## PROBLEM REQUIREMENTS
What lines of the data below hold the string "Stock"? Copy each one out.

Data records
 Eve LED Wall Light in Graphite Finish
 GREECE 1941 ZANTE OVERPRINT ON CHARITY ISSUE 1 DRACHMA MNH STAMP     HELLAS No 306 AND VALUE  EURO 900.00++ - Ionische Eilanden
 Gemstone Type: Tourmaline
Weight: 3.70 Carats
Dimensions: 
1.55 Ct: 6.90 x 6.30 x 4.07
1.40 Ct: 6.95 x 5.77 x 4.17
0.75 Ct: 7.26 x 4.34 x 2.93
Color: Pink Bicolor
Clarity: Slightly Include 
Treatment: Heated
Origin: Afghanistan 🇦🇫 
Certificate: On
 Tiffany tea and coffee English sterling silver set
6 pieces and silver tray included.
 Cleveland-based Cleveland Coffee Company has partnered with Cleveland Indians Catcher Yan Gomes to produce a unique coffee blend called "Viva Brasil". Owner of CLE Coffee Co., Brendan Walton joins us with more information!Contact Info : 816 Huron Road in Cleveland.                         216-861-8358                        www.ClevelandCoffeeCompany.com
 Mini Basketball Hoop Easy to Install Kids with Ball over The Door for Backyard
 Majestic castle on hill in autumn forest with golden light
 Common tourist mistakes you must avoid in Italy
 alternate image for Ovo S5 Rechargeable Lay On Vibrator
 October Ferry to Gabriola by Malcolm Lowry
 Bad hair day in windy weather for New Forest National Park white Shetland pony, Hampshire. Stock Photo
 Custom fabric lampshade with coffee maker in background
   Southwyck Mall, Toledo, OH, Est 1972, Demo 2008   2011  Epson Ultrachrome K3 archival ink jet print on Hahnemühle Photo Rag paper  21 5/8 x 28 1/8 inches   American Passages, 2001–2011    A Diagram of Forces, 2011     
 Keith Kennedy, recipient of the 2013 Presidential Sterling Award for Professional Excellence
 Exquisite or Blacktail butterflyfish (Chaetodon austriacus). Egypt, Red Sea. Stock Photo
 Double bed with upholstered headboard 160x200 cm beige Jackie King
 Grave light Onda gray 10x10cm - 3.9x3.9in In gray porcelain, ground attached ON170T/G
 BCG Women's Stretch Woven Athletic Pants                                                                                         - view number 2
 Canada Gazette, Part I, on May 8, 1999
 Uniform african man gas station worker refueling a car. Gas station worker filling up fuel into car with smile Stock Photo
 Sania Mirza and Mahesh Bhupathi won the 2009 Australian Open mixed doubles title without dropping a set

## OUTPUT OF THE EXERCISE
 Bad hair day in windy weather for New Forest National Park white Shetland pony, Hampshire. Stock Photo
 Exquisite or Blacktail butterflyfish (Chaetodon austriacus). Egypt, Red Sea. Stock Photo
 Uniform african man gas station worker refueling a car. Gas station worker filling up fuel into car with smile Stock Photo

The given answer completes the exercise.